Bangalore Fort History
These walls of the Bangalore Fort stand today in silence, but in the year 1791, they shook with cannon fire, screams, prayers, and betrayal. Every block of granite you see here once absorbed the shock of iron shot fired by the armies of the British East India Company, as they advanced step by step to break the spine of the Kingdom of Mysore during the Third Anglo-Mysore War.
The Third Anglo-Mysore War (1790 / 1792) was not a misunderstanding or a border dispute. It was a deliberate, multinational assault on a sovereign Indian power that dared to resist British expansion. Hz Tipu Sultan, ruler of Mysore and son of Haider Ali, had committed what the Company considered an unforgivable mistake: he refused to submit. He built alliances with the French, modernised his army, introduced iron-cased rockets, reformed administration, and ruled as an independent monarch in a land the British believed was destined to be theirs.
For this defiance, Mysore was surrounded.
By 1790, a massive coalition had formed against Tipu Sultan the British East India Company, the Marathas, and the Nizam of Hyderabad. Three armies closed in from different directions. The plan was clear: isolate Sultan, crush his strongholds.
And Bangalore was the key.
Bangalore was not a peripheral town. It was a strategic fortress city, guarding the eastern approaches to Tipu Sultan’s capital, Srirangapatna. The fort whose walls you see here had been strengthened under Haider Ali and Tipu Sultan, built with thick stone ramparts, rounded bastions, and deep defensive logic designed to absorb artillery fire. These very curves you see in the walls were not aesthetic they were meant to deflect cannonballs, to make siege warfare slow, costly, and bloody.
In early 1791, Lord Charles Cornwallis the same man who had surrendered to George Washington at Yorktown marched on Bangalore with a massive British force. The irony is cruel: a general defeated by colonial resistance in America now came to extinguish it in India.
The Siege of Bangalore began in February 1791.
British artillery pounded these walls relentlessly. Cannon smoke filled the air. Stone cracked. Dust and fragments rained down inside the fort. Mysorean defenders Indian soldiers, many poorly remembered by history manned the ramparts under constant fire. They repaired breaches at night. They dragged guns into position. They fought not for empire, but for home.
Hz Tipu Sultan himself was not inside Bangalore at this moment, he was maneuvering near Kengeri, trying desperately to confront multiple invading armies at once. This was one of the great tragedies of the war: Mysore was strong, but outnumbered and encircled.
On the night of 21 March 1791, the British launched their final assault.
They targeted a breach in the fort walls, very likely along stretches like the ones you photographed. Under cover of darkness, British troops stormed forward, climbing rubble, slipping on blood and broken stone. The defenders fought fiercely, but numbers and firepower told. By morning, Bangalore had fallen.

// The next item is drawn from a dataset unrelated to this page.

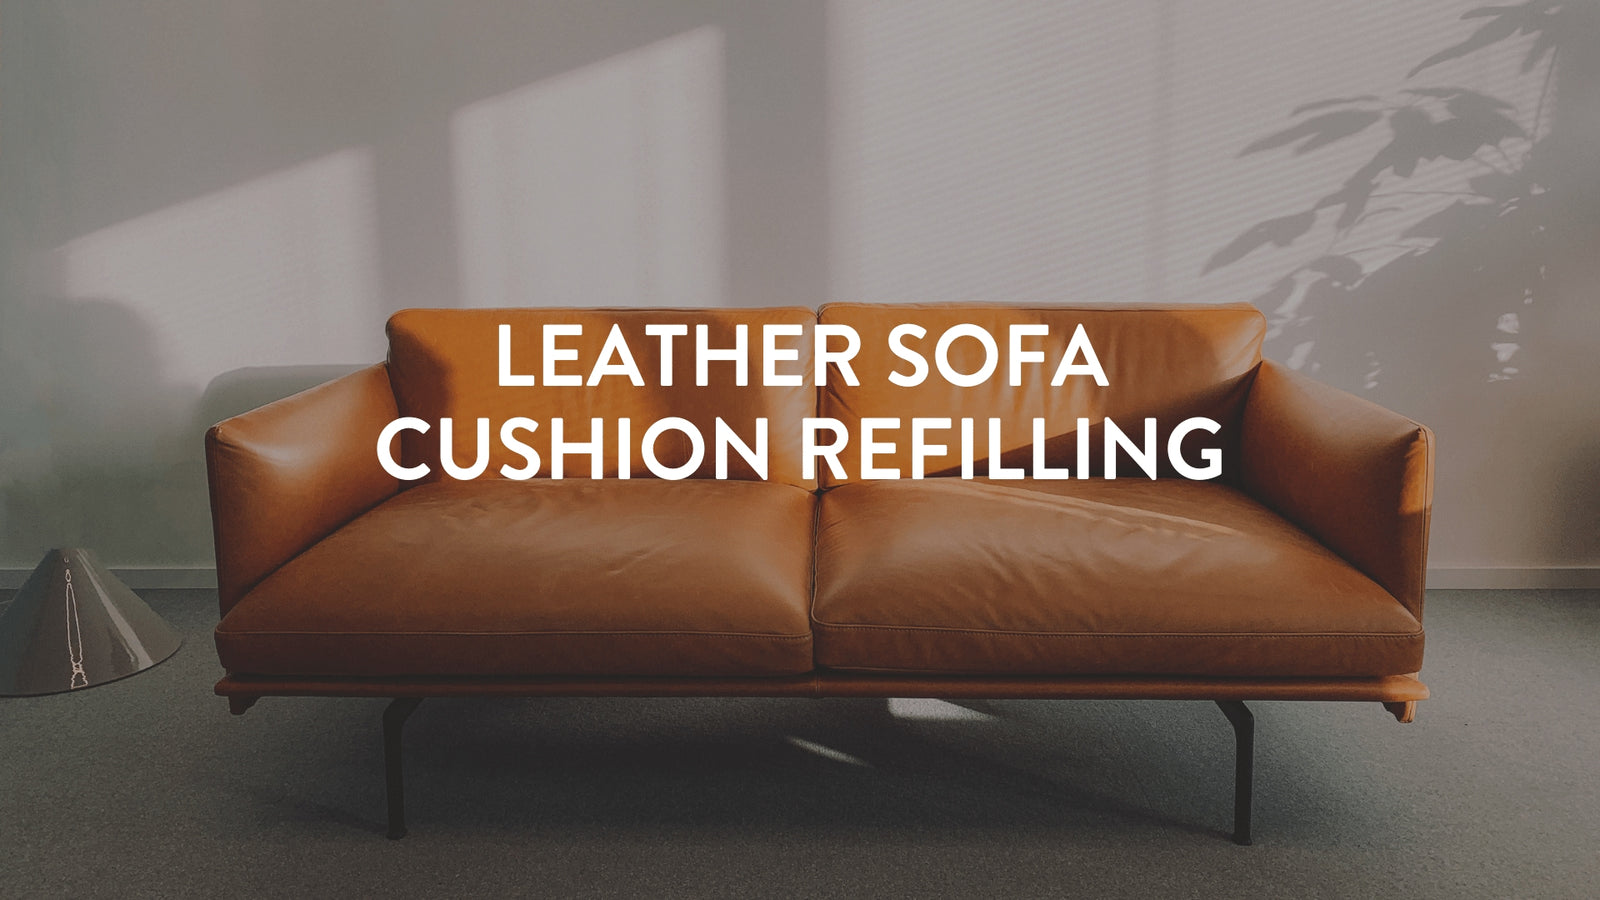 Leather sofa cushion refilling can leather sofa cushions be restuffed

The fall of Bangalore was not just a military defeat. It was a psychological wound. It opened the road to Srirangapatna. It proved that even Tipu Sultan’s fortresses could be taken at terrible cost, but taken nonetheless.
And yet, even in defeat, these walls did not collapse easily.
They held long enough to bleed the invaders. They forced the British to commit enormous resources. Cornwallis himself admitted the difficulty of the campaign. Mysore was not conquered because it was weak it was conquered because it stood alone.
After Bangalore fell, Cornwallis marched toward Srirangapatna, but monsoon rains, supply failures, and Mysorean resistance forced him to retreat. The war dragged on another year. Only in 1792, surrounded again and betrayed again, did Sultan sign the Treaty of Srirangapatna, surrendering half his territory and handing over two of his sons as hostages.
The Third Anglo-Mysore War ended, but the fate of Mysore was sealed.
Eight years later, Hz Tipu Sultan would be Martyred fighting on the walls of Srirangapatna, sword in hand, refusing to flee. The British would call him a tyrant. But Real Indian Patriots would always remember him as The Tiger of Mysore.
And these walls?
They remained.
Today, traffic passes. Vendors gather. People walk without looking up. But the stone still remembers. It remembers the thunder of cannons. The prayers whispered by defenders at dawn. The moment when Bangalore, once free, fell into the long shadow of colonial rule.
These walls are not ruins.
They are the evidence
Evidence that resistance existed.
Evidence that India was not handed over quietly.
Evidence that before the empire rose,
it had to break itself against stones like these.